>>>

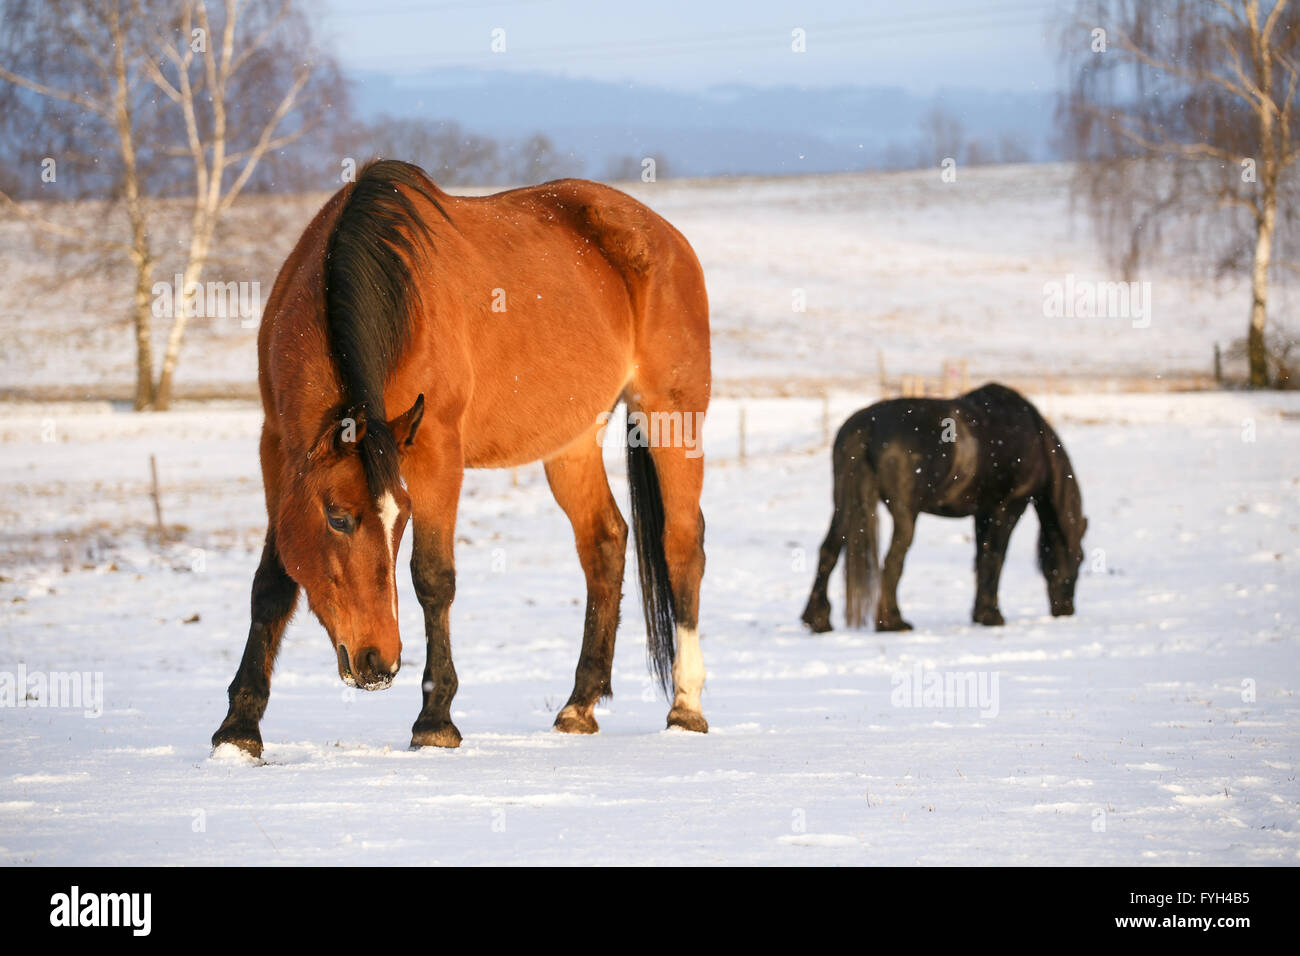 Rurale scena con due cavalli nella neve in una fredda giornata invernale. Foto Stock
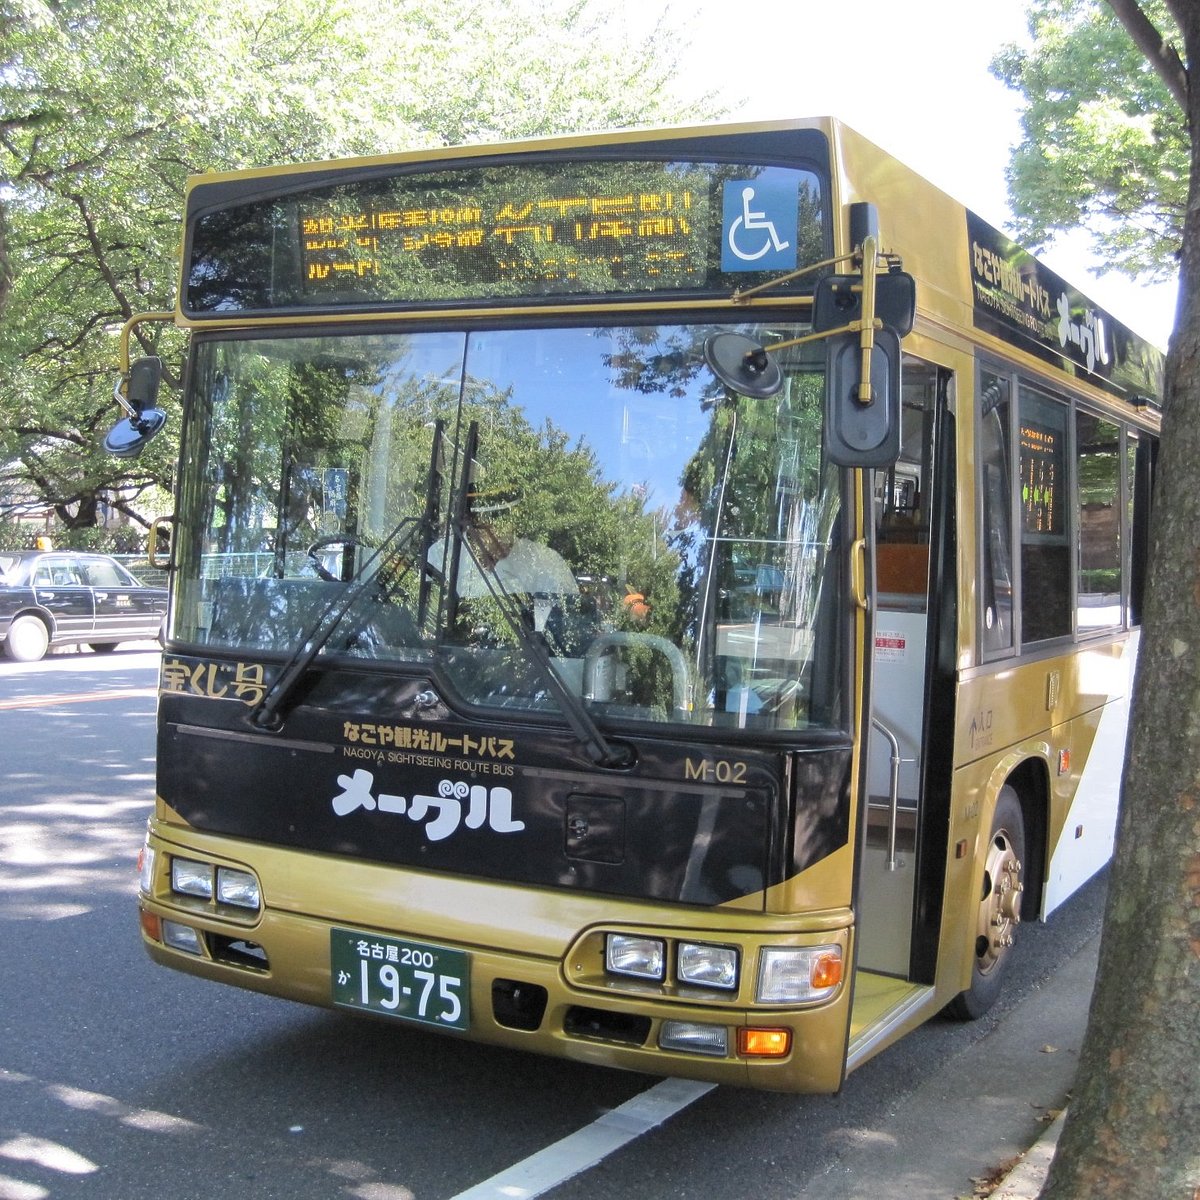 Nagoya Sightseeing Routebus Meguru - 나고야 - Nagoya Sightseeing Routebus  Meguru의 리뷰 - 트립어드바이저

<<<
>>>

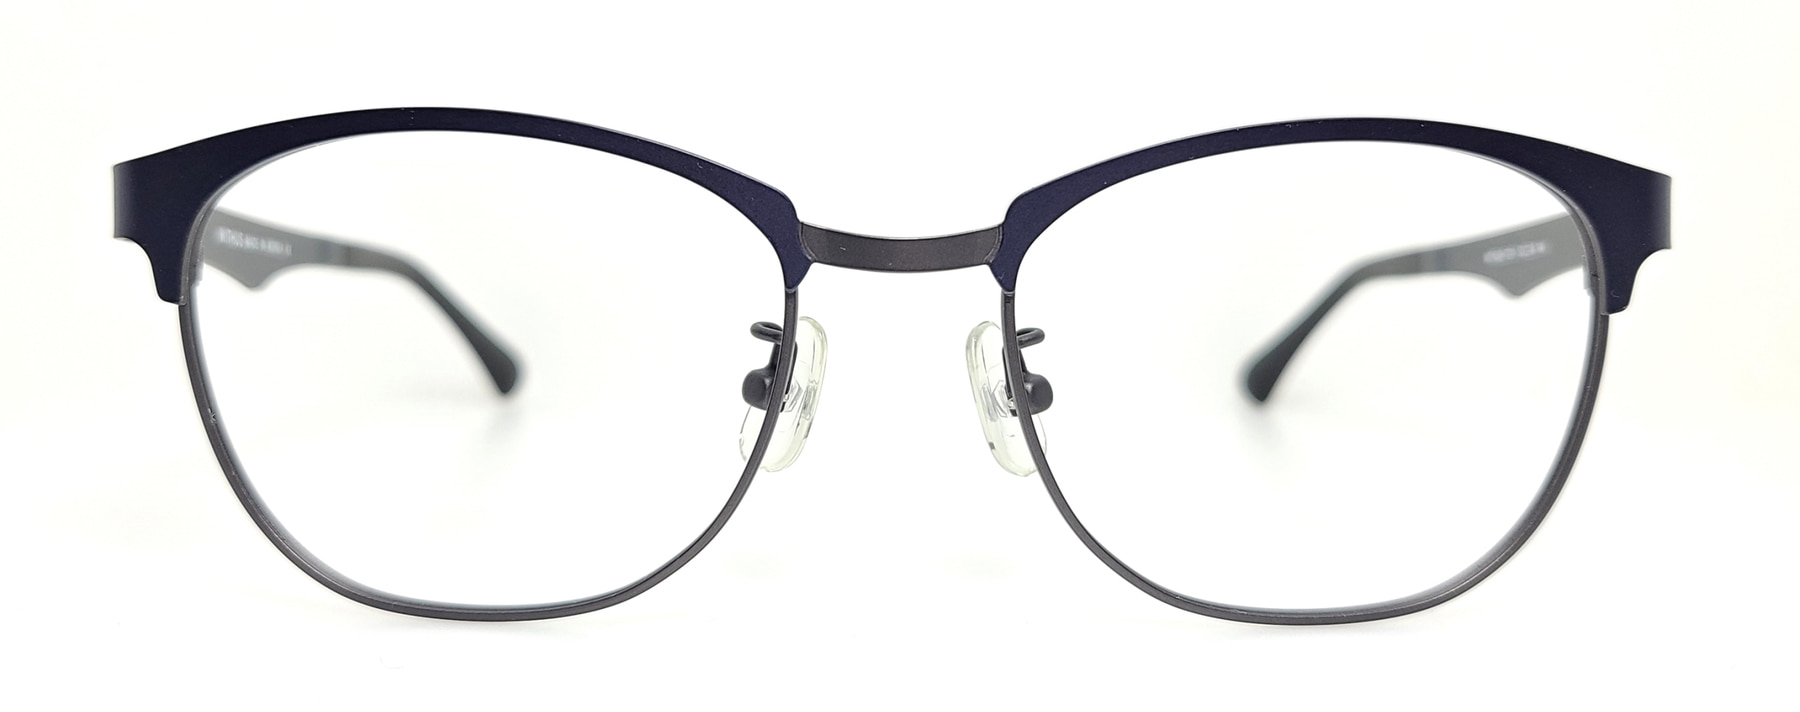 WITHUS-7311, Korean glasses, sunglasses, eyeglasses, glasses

<<<
>>>

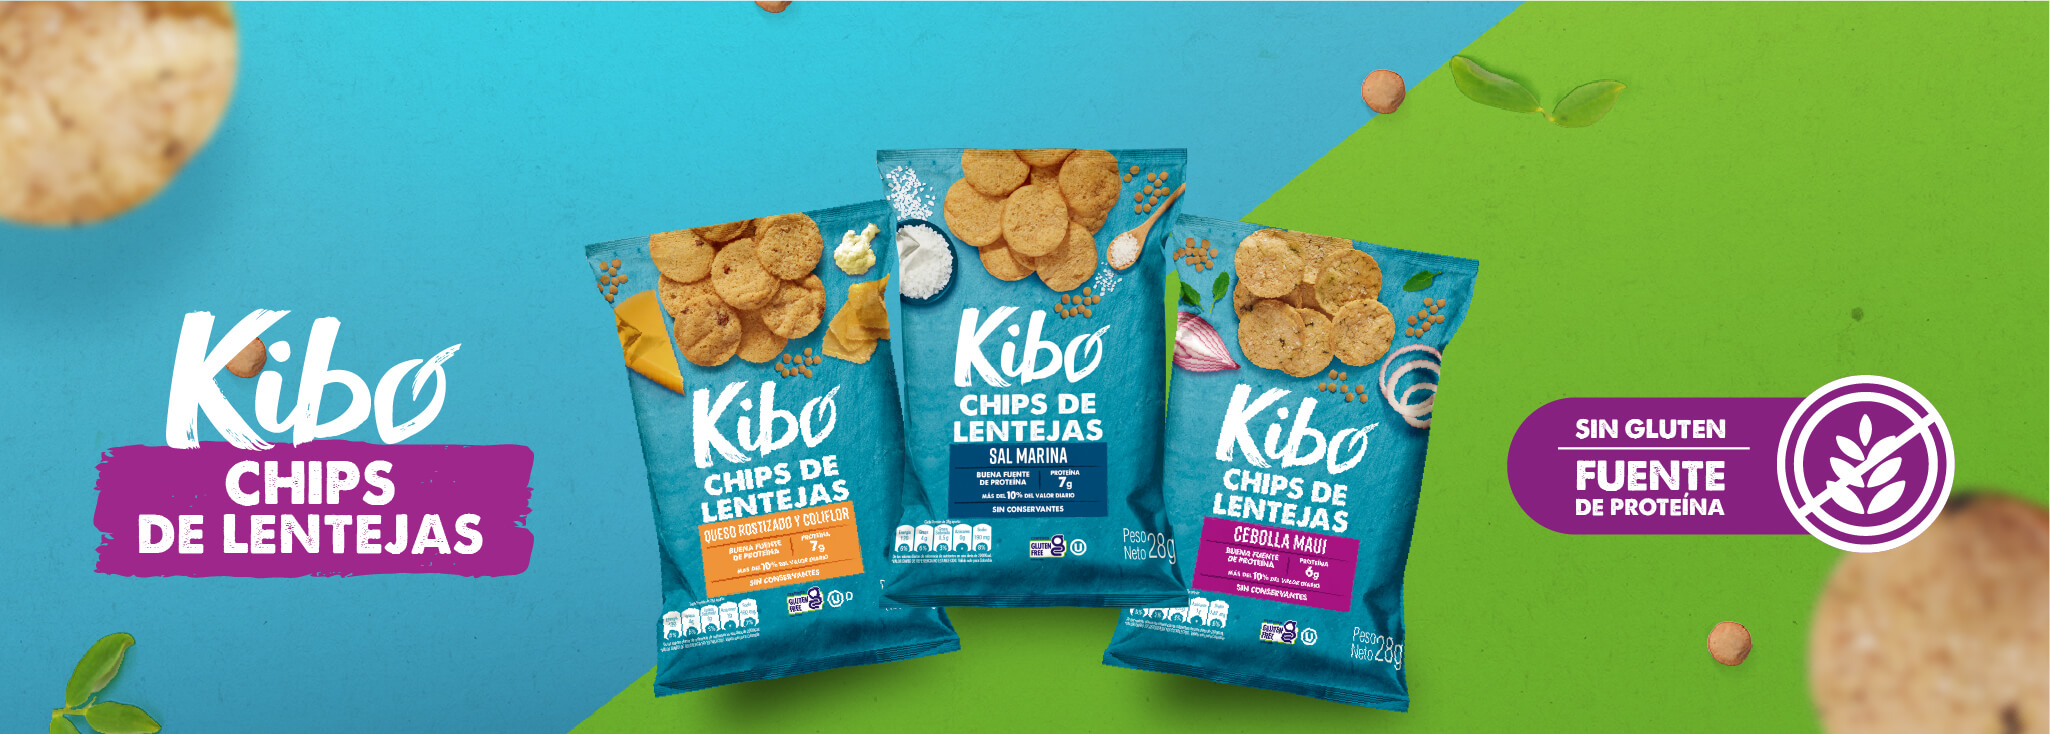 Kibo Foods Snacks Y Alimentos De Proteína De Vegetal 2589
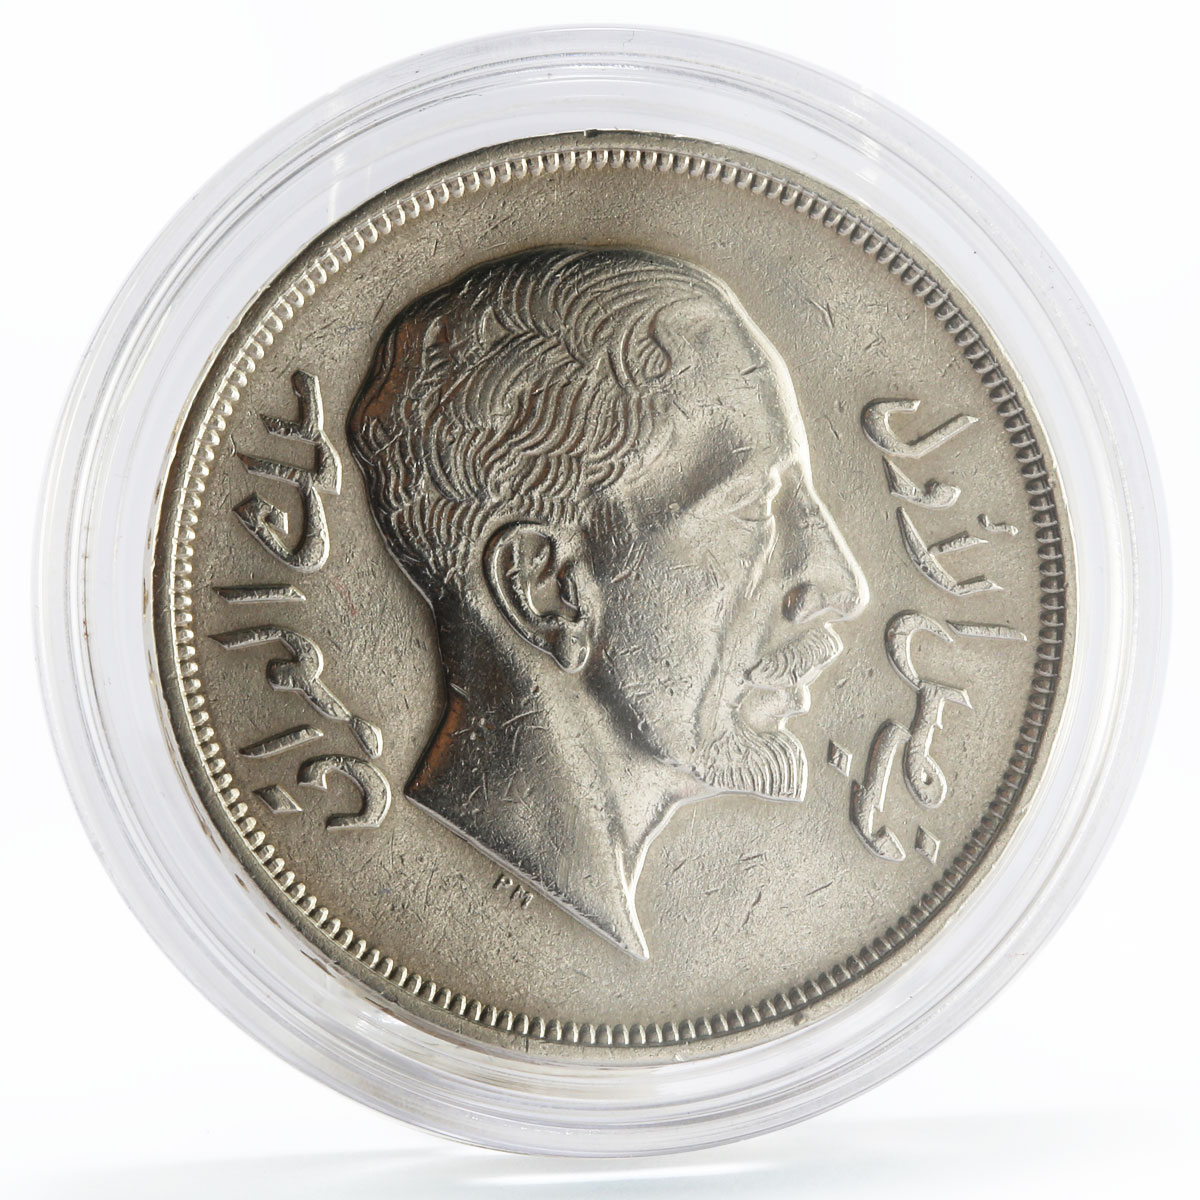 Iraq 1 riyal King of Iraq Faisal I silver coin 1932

<<<

ASSIGNMENT
Reproduce the listing above exactly from the line containing "Rurale scena con" up to and including the line containing "Nagoya Sightseeing Routebus Meguru", omitting any images and everything outside those lines.

EXERCISE OUTPUT
 Rurale scena con due cavalli nella neve in una fredda giornata invernale. Foto Stock
 Nagoya Sightseeing Routebus Meguru - 나고야 - Nagoya Sightseeing Routebus  Meguru의 리뷰 - 트립어드바이저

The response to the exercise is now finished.